INPUT DATA:
=== Begin Enclosure ===

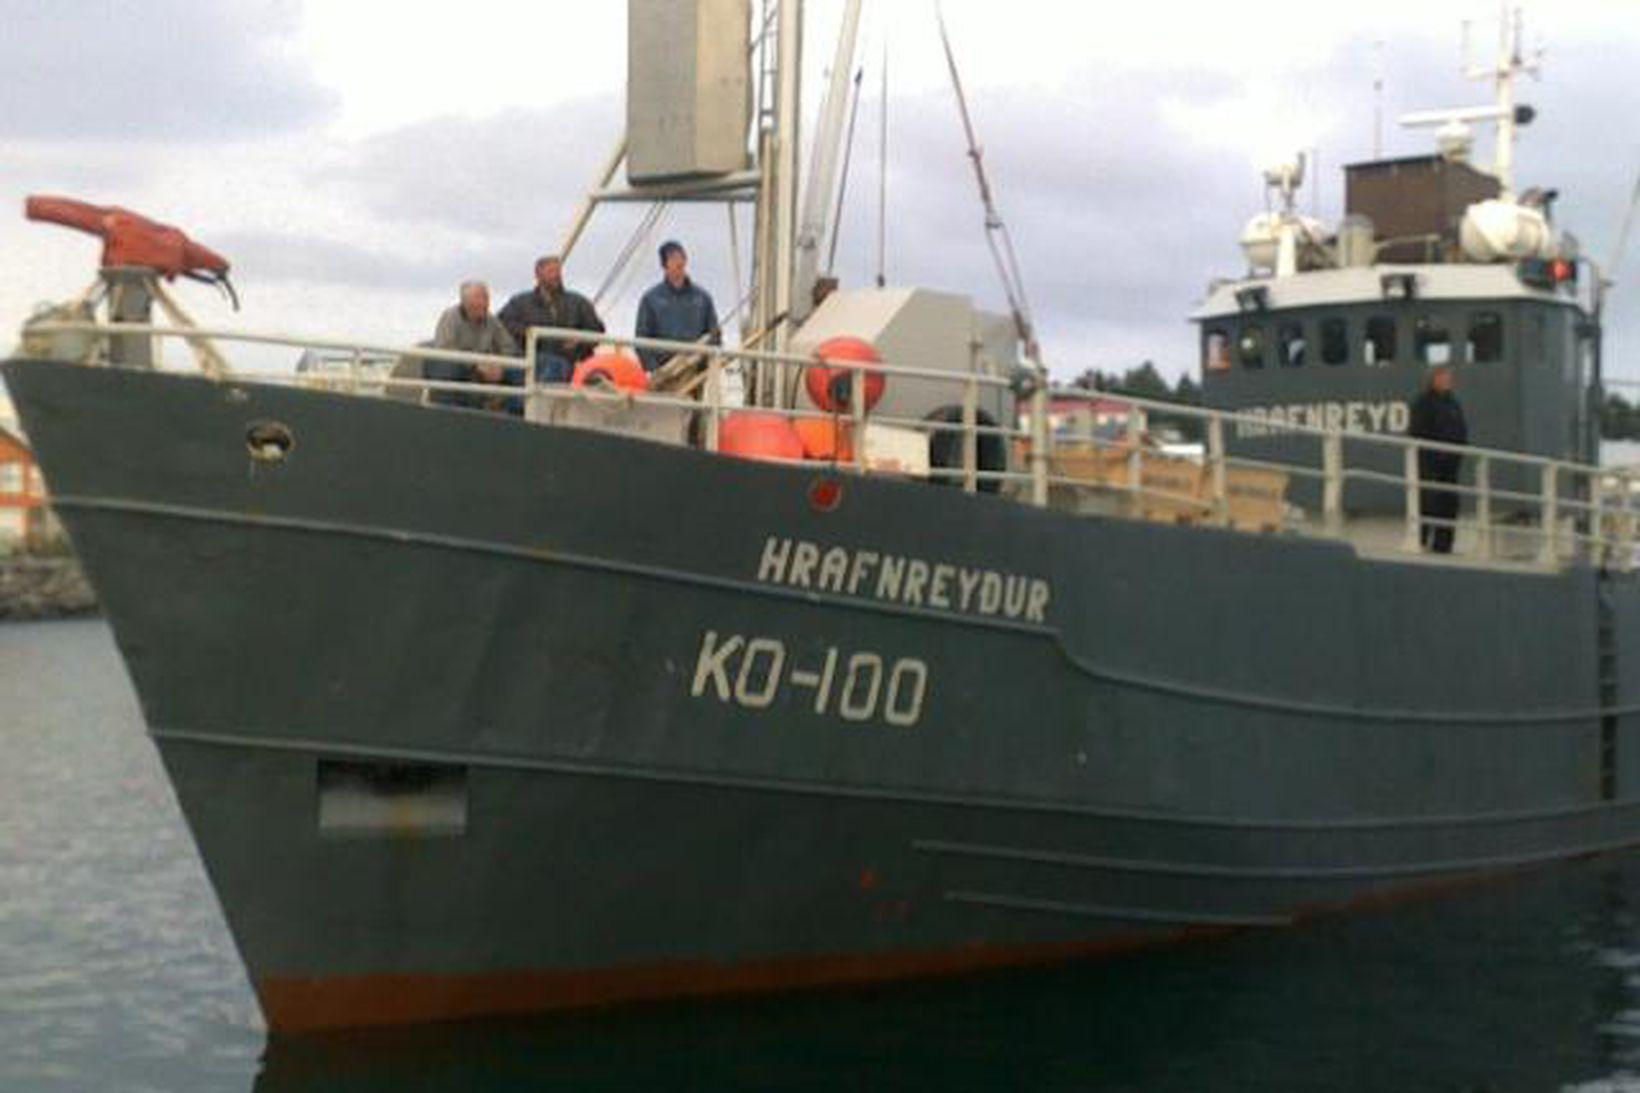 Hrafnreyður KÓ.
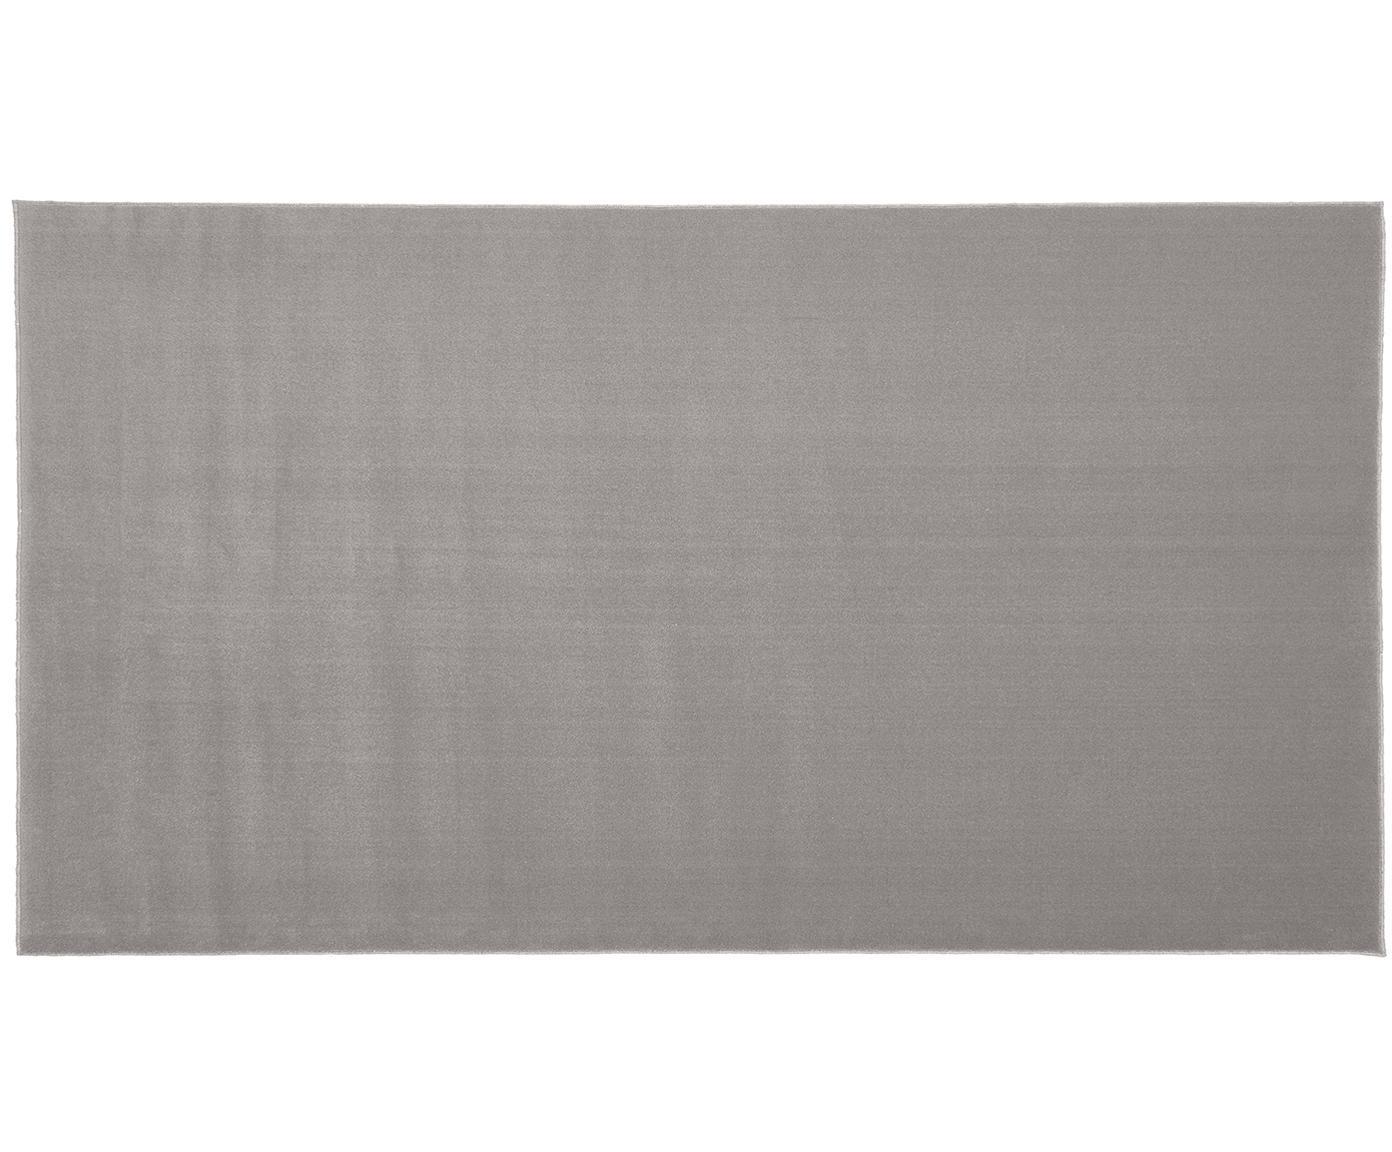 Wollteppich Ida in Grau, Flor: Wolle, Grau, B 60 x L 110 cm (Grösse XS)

=== End Enclosure ===
=== Begin Enclosure ===

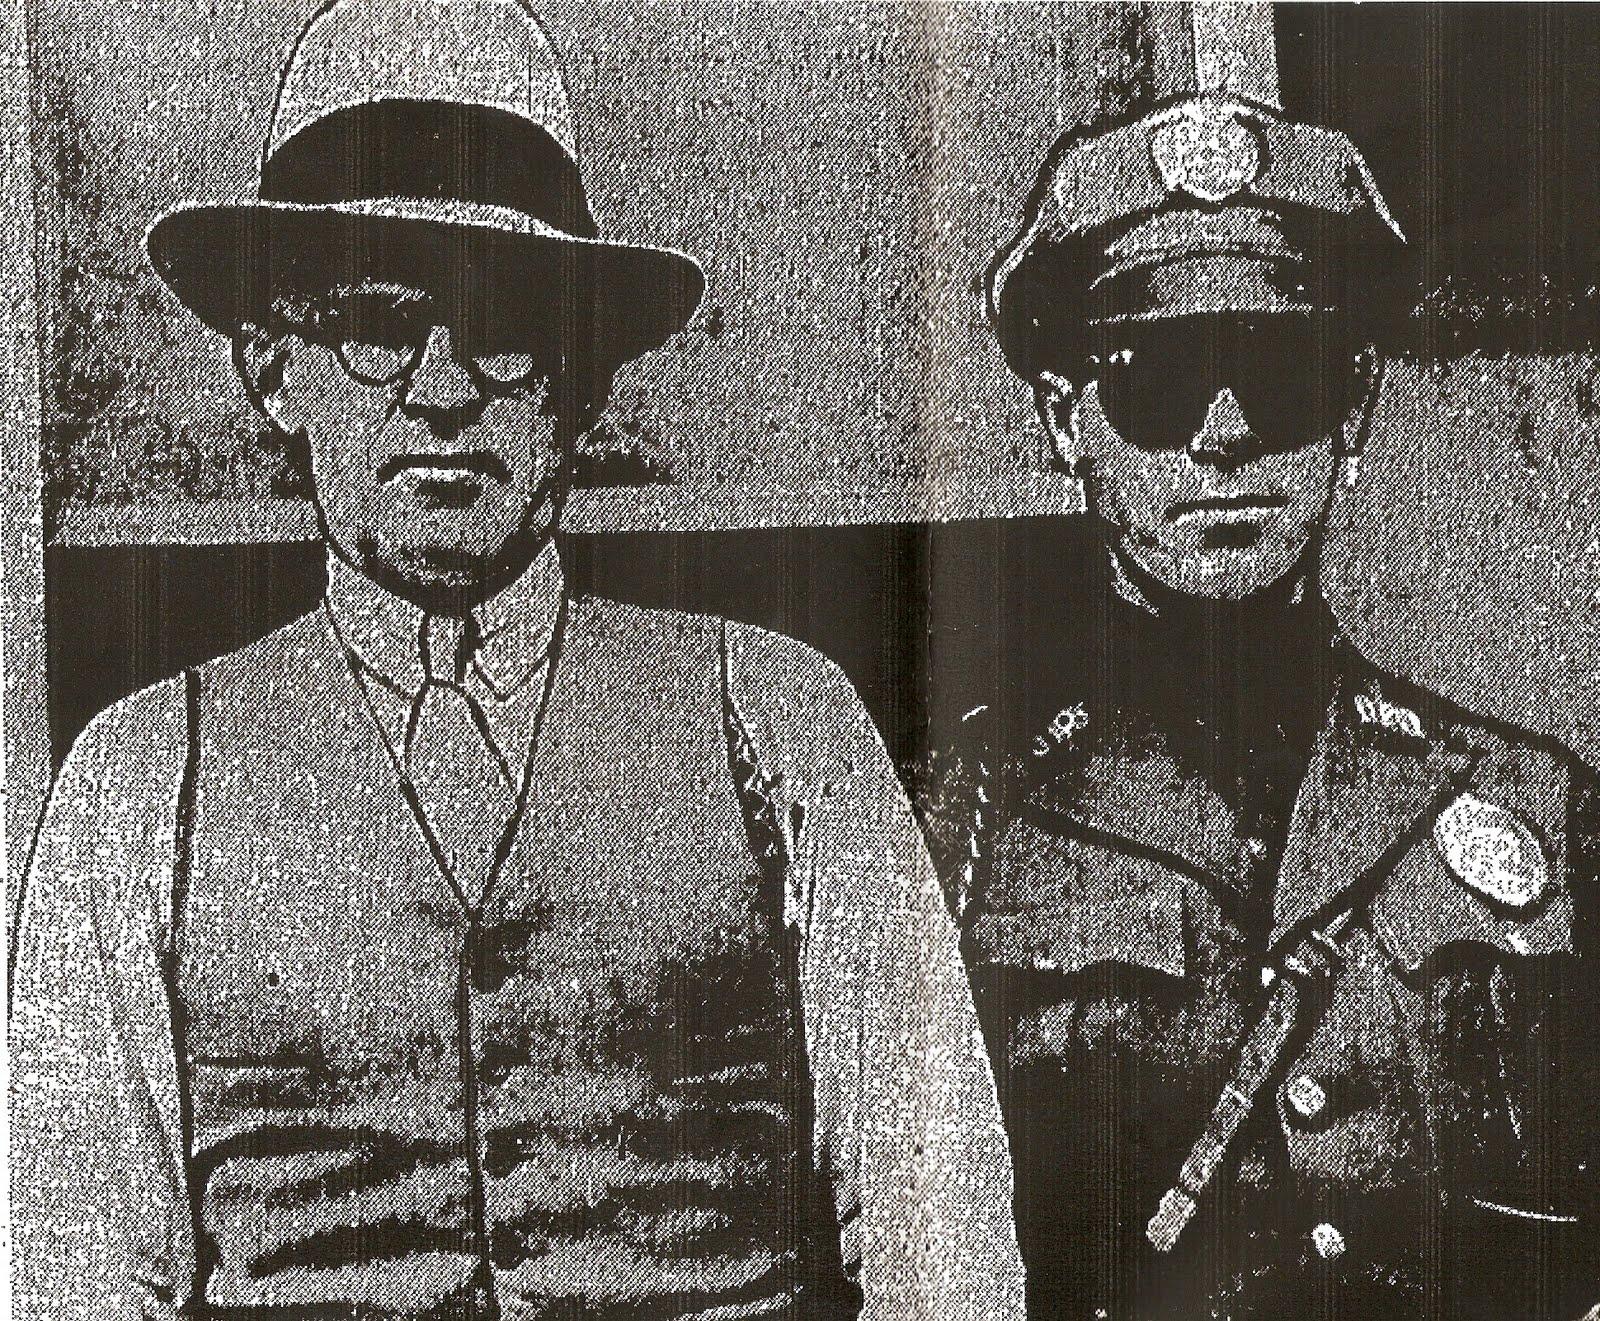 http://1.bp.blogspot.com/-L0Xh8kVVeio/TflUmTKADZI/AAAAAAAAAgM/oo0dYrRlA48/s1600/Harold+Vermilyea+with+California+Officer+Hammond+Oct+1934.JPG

=== End Enclosure ===
=== Begin Enclosure ===

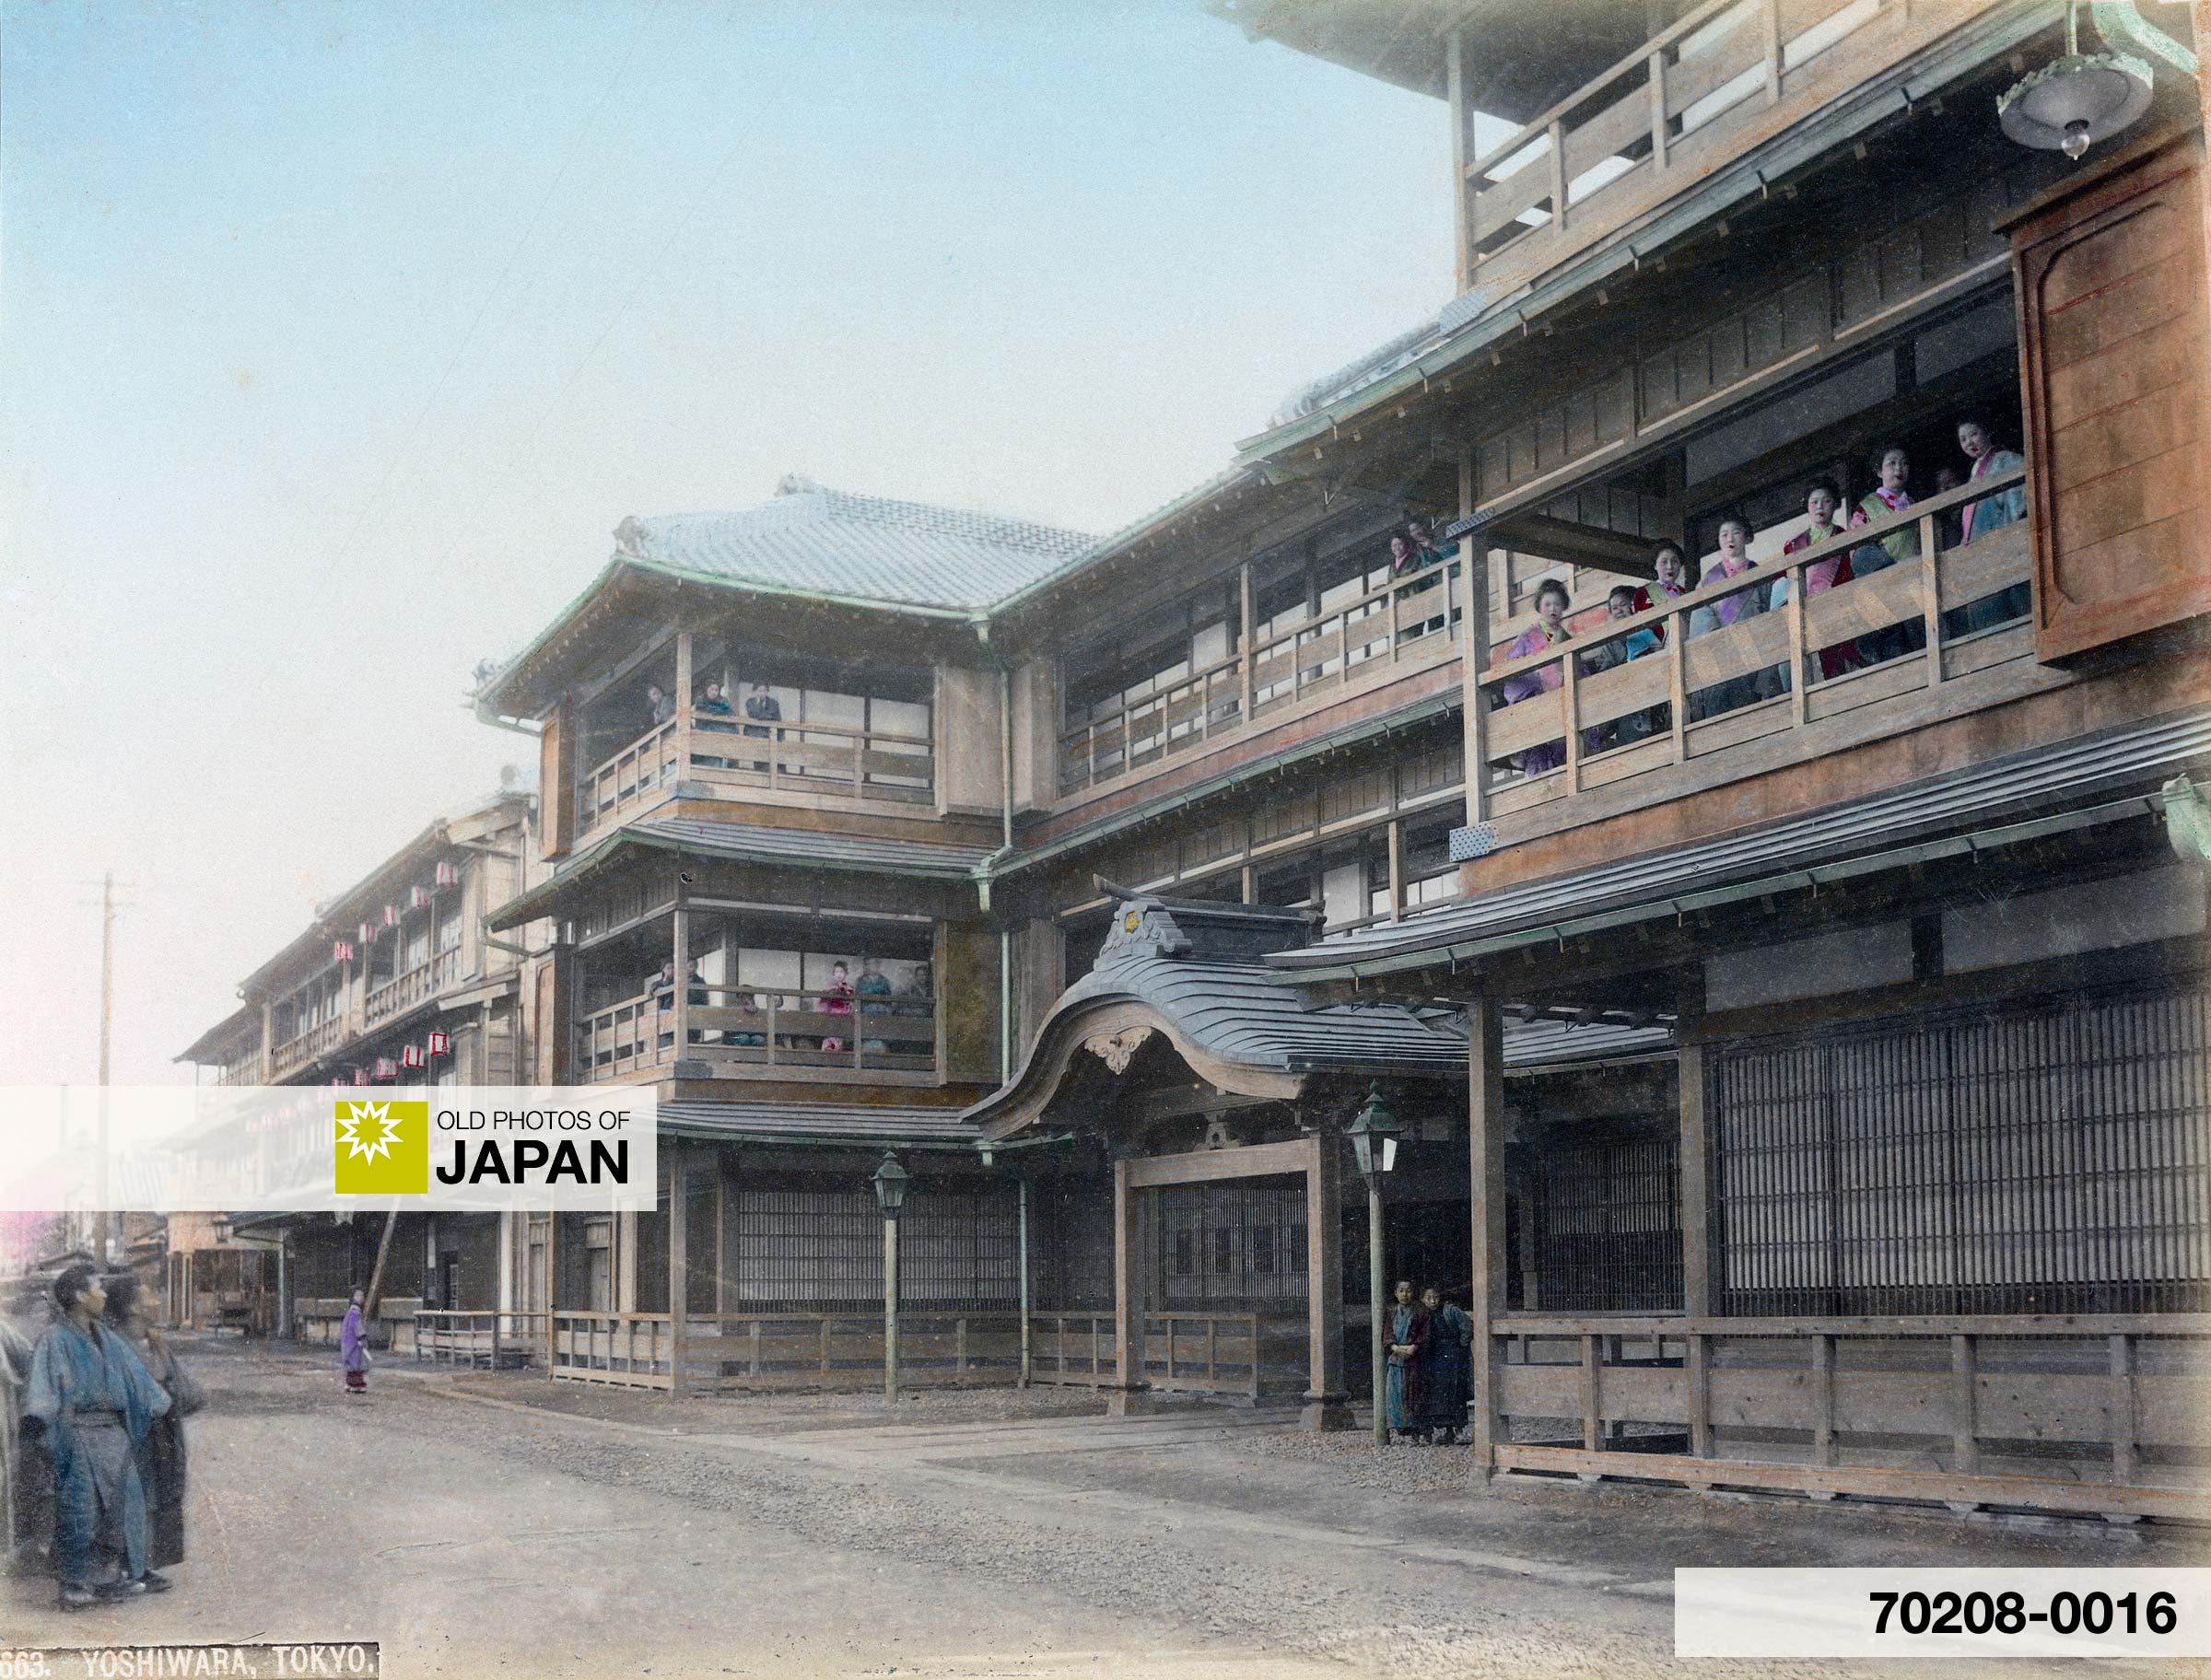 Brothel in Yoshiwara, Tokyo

=== End Enclosure ===

EXERCISE: In the entries above, find the line with "Hrafnreyður KÓ." and the line with "Wollteppich Ida in". Write out exactly those two lines and every line between them, pictures excluded.

OUTPUT BELOW:
 Hrafnreyður KÓ.
 Wollteppich Ida in Grau, Flor: Wolle, Grau, B 60 x L 110 cm (Grösse XS)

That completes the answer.